- [WHAT YOU NEED TO DO]
Begin at the line below that has "白云岩意大利断层块sassolungo视图" and stop after the line that has "贵金属行业横琴稀贵VI手册设计图11". Please restate only those lines, word for word.

- [STUDY MATERIAL]
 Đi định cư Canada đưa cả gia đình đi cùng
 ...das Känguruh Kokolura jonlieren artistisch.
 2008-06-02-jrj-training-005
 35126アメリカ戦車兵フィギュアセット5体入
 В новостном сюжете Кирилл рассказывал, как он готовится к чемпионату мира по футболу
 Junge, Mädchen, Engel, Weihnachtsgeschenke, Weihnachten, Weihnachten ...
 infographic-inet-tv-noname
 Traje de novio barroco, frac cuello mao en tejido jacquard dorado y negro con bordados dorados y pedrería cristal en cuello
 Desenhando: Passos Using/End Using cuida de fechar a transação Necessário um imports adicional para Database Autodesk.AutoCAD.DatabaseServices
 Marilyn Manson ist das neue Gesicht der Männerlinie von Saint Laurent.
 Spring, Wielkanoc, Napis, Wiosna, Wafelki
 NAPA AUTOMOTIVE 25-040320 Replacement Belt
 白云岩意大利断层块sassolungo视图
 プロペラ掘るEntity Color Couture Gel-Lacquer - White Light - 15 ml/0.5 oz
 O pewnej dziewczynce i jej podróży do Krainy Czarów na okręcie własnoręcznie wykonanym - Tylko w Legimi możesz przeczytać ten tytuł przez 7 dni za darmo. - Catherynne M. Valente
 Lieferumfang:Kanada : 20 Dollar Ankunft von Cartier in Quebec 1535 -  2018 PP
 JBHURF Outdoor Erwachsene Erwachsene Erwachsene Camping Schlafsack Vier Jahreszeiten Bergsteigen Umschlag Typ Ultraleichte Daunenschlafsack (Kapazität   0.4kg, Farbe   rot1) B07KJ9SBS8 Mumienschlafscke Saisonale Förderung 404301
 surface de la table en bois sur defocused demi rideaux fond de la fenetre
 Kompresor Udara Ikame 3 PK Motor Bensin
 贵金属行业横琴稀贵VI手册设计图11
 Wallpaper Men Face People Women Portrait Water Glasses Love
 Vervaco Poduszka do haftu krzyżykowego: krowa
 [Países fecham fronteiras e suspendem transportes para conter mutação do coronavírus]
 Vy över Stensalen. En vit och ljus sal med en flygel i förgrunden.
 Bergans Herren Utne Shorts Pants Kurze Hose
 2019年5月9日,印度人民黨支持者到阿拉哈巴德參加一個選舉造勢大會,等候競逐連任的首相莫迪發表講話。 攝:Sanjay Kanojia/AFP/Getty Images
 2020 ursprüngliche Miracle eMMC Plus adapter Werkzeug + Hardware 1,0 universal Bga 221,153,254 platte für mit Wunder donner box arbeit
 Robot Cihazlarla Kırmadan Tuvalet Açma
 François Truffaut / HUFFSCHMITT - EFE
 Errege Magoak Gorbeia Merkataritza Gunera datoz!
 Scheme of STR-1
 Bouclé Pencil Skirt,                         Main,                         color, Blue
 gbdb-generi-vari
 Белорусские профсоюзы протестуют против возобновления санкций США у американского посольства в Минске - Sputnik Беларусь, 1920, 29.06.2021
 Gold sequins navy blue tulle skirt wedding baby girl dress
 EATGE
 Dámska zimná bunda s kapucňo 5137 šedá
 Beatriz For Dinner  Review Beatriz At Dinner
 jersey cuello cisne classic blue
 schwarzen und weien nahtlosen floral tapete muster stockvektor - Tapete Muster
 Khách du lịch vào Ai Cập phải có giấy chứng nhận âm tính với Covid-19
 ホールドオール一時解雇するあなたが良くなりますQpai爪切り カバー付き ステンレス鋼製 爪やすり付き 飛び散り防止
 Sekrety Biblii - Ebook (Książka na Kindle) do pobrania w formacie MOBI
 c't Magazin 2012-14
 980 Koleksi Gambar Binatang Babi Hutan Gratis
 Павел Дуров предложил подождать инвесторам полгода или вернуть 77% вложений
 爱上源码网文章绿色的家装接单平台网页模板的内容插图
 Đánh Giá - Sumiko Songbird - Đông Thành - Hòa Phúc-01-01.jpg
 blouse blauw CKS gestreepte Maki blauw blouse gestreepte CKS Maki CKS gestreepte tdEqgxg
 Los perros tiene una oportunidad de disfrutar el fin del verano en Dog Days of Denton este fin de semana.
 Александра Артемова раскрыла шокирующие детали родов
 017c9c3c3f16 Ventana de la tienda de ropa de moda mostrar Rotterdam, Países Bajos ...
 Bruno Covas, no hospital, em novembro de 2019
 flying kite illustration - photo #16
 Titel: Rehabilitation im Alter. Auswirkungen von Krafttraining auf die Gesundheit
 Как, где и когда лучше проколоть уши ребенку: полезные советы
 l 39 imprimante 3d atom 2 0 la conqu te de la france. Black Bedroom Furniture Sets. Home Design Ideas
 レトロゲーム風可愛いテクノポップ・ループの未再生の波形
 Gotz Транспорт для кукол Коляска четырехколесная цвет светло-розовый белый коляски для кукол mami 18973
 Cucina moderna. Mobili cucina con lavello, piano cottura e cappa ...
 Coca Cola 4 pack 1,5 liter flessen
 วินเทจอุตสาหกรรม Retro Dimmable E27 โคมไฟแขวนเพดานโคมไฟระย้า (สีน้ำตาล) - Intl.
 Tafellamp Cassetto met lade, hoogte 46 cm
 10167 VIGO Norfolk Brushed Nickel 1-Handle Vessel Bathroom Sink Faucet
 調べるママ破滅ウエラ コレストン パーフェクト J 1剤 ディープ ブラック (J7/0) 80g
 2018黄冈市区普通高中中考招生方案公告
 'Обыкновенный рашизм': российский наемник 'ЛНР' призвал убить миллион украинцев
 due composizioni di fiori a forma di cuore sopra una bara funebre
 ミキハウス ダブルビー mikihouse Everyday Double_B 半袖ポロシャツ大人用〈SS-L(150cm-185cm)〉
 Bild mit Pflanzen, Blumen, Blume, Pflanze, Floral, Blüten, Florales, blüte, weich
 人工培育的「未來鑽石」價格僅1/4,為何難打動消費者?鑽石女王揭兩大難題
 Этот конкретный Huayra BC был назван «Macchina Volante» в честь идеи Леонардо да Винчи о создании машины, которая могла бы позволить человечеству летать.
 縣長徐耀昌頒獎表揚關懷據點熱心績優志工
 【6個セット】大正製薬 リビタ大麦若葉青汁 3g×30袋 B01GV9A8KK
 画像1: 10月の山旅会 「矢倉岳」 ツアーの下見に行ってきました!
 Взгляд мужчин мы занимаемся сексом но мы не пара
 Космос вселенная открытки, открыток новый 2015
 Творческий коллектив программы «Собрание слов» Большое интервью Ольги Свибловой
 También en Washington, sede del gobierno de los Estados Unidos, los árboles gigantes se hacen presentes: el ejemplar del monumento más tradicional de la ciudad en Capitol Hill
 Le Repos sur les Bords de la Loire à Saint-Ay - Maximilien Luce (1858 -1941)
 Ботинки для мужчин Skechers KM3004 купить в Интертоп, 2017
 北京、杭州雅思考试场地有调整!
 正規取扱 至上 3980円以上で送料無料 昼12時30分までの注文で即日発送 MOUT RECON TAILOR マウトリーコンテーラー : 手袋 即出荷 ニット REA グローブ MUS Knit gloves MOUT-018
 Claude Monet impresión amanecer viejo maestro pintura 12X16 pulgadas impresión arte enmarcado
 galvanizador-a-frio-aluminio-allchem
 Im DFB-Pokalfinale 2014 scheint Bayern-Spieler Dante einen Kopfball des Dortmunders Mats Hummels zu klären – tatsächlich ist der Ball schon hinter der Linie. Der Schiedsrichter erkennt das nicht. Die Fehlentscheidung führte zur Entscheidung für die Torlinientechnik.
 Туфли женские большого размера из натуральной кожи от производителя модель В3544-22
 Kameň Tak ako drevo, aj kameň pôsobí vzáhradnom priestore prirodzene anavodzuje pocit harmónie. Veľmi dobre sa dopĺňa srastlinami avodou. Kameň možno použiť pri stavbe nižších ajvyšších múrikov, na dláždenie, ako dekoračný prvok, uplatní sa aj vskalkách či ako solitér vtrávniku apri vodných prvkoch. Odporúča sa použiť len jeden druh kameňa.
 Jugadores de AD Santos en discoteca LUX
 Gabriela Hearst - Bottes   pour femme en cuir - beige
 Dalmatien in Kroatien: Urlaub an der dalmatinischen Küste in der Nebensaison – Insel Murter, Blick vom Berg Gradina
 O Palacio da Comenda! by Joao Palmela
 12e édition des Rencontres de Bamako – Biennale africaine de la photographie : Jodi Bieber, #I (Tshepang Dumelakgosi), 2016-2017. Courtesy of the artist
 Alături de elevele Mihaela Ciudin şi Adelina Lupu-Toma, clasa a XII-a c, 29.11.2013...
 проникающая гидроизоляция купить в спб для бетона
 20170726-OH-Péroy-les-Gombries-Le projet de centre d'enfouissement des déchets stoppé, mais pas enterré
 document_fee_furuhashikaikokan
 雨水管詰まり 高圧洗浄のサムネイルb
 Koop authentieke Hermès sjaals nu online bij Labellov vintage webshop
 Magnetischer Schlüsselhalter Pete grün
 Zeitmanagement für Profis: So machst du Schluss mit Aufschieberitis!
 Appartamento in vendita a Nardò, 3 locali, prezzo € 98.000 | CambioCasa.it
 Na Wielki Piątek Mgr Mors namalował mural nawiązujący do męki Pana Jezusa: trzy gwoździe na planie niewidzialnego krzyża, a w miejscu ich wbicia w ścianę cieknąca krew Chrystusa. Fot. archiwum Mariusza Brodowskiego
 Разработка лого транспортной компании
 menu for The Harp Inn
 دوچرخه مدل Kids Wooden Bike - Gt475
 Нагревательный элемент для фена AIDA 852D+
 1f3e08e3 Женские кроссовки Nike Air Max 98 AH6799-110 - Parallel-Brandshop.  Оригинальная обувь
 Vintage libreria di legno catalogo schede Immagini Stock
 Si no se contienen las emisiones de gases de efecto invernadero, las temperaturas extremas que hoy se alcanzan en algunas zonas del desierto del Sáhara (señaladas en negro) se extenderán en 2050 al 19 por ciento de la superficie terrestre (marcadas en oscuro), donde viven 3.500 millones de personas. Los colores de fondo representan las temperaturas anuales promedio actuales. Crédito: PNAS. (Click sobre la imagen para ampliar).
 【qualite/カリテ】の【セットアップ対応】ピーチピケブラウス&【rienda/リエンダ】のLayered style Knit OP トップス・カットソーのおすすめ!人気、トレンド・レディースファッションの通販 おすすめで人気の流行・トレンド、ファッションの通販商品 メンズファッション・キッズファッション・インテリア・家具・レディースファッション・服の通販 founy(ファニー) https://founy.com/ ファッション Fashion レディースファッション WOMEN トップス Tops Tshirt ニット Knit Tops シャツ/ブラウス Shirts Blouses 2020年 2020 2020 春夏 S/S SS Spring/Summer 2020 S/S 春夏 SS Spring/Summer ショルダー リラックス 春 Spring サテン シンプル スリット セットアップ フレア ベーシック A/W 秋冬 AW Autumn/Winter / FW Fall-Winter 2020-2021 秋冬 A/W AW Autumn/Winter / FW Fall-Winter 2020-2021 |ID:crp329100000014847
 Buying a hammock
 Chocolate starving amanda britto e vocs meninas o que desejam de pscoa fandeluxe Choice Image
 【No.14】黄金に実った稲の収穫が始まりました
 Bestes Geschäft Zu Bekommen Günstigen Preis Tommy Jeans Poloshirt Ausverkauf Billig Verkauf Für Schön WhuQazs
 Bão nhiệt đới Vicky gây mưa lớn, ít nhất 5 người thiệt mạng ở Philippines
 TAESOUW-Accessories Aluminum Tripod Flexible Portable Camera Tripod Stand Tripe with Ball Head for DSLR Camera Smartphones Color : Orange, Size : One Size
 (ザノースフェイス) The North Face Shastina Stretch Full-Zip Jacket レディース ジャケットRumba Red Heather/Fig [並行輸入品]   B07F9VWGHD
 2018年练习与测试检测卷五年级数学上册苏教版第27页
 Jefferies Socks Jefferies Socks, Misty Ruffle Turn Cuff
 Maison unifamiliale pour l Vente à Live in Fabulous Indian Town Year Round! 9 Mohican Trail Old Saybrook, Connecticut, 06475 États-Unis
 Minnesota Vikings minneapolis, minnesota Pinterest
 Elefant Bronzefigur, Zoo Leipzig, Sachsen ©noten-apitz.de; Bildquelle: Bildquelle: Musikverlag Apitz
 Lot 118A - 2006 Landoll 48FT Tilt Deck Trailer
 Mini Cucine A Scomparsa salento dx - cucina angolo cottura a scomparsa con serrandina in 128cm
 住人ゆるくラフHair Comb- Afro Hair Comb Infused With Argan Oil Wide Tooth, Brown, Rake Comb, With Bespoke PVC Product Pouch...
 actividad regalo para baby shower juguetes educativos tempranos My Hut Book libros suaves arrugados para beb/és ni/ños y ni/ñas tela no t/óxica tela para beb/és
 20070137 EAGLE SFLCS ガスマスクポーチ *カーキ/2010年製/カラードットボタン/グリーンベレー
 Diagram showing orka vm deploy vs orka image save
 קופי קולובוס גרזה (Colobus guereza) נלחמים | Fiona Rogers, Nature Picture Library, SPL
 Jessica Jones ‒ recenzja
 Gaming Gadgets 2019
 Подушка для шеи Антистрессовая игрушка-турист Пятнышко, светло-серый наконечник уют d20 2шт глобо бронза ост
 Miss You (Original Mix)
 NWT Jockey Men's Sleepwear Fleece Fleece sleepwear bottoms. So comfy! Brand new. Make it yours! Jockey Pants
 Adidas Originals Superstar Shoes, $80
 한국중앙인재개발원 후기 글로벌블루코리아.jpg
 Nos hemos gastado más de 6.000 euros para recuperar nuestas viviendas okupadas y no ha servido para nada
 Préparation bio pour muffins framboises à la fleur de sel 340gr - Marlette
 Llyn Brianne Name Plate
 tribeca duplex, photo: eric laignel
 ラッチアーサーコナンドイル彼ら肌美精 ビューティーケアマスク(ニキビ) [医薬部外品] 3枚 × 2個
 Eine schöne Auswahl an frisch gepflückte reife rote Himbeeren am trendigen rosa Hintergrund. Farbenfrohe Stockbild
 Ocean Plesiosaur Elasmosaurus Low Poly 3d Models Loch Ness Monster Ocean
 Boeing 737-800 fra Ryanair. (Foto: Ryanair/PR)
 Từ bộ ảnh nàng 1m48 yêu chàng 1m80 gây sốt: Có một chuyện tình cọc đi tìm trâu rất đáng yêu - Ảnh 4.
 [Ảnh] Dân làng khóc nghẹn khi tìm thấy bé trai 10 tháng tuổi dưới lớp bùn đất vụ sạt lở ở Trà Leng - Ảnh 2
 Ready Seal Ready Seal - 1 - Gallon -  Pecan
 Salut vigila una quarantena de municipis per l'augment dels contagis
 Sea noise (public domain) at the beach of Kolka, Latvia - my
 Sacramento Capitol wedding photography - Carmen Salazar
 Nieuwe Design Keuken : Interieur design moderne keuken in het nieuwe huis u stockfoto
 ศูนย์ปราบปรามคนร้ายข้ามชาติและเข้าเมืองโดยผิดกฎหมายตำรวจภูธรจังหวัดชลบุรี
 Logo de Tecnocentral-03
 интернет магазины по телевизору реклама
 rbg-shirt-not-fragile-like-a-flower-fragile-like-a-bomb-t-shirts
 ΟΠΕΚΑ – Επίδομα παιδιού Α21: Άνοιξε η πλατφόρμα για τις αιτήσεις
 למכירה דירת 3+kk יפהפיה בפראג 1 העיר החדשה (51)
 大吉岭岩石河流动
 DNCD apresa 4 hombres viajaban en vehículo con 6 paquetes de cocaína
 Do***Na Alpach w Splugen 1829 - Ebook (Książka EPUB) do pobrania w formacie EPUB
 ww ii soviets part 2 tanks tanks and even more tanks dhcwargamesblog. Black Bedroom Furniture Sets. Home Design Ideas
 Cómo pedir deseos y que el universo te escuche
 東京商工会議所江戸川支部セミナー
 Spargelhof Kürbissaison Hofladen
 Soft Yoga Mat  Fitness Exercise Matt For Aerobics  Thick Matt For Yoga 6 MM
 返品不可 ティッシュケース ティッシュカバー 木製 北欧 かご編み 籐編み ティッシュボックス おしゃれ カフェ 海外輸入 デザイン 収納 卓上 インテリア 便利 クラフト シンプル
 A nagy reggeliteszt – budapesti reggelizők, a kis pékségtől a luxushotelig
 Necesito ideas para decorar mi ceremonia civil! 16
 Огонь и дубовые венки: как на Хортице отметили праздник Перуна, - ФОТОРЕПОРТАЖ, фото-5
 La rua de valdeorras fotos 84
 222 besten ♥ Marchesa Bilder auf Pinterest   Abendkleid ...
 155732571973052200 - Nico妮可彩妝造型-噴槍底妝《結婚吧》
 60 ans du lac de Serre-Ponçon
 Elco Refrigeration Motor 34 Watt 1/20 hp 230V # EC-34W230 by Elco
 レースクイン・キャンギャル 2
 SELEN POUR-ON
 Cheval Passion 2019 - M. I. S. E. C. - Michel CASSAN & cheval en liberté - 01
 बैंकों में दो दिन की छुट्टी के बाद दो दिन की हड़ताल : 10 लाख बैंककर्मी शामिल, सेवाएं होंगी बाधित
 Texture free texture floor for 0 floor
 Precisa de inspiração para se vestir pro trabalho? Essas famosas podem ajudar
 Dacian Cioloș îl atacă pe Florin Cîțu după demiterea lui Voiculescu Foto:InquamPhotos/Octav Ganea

- [WRITTEN RESPONSE]
 白云岩意大利断层块sassolungo视图
 プロペラ掘るEntity Color Couture Gel-Lacquer - White Light - 15 ml/0.5 oz
 O pewnej dziewczynce i jej podróży do Krainy Czarów na okręcie własnoręcznie wykonanym - Tylko w Legimi możesz przeczytać ten tytuł przez 7 dni za darmo. - Catherynne M. Valente
 Lieferumfang:Kanada : 20 Dollar Ankunft von Cartier in Quebec 1535 -  2018 PP
 JBHURF Outdoor Erwachsene Erwachsene Erwachsene Camping Schlafsack Vier Jahreszeiten Bergsteigen Umschlag Typ Ultraleichte Daunenschlafsack (Kapazität   0.4kg, Farbe   rot1) B07KJ9SBS8 Mumienschlafscke Saisonale Förderung 404301
 surface de la table en bois sur defocused demi rideaux fond de la fenetre
 Kompresor Udara Ikame 3 PK Motor Bensin
 贵金属行业横琴稀贵VI手册设计图11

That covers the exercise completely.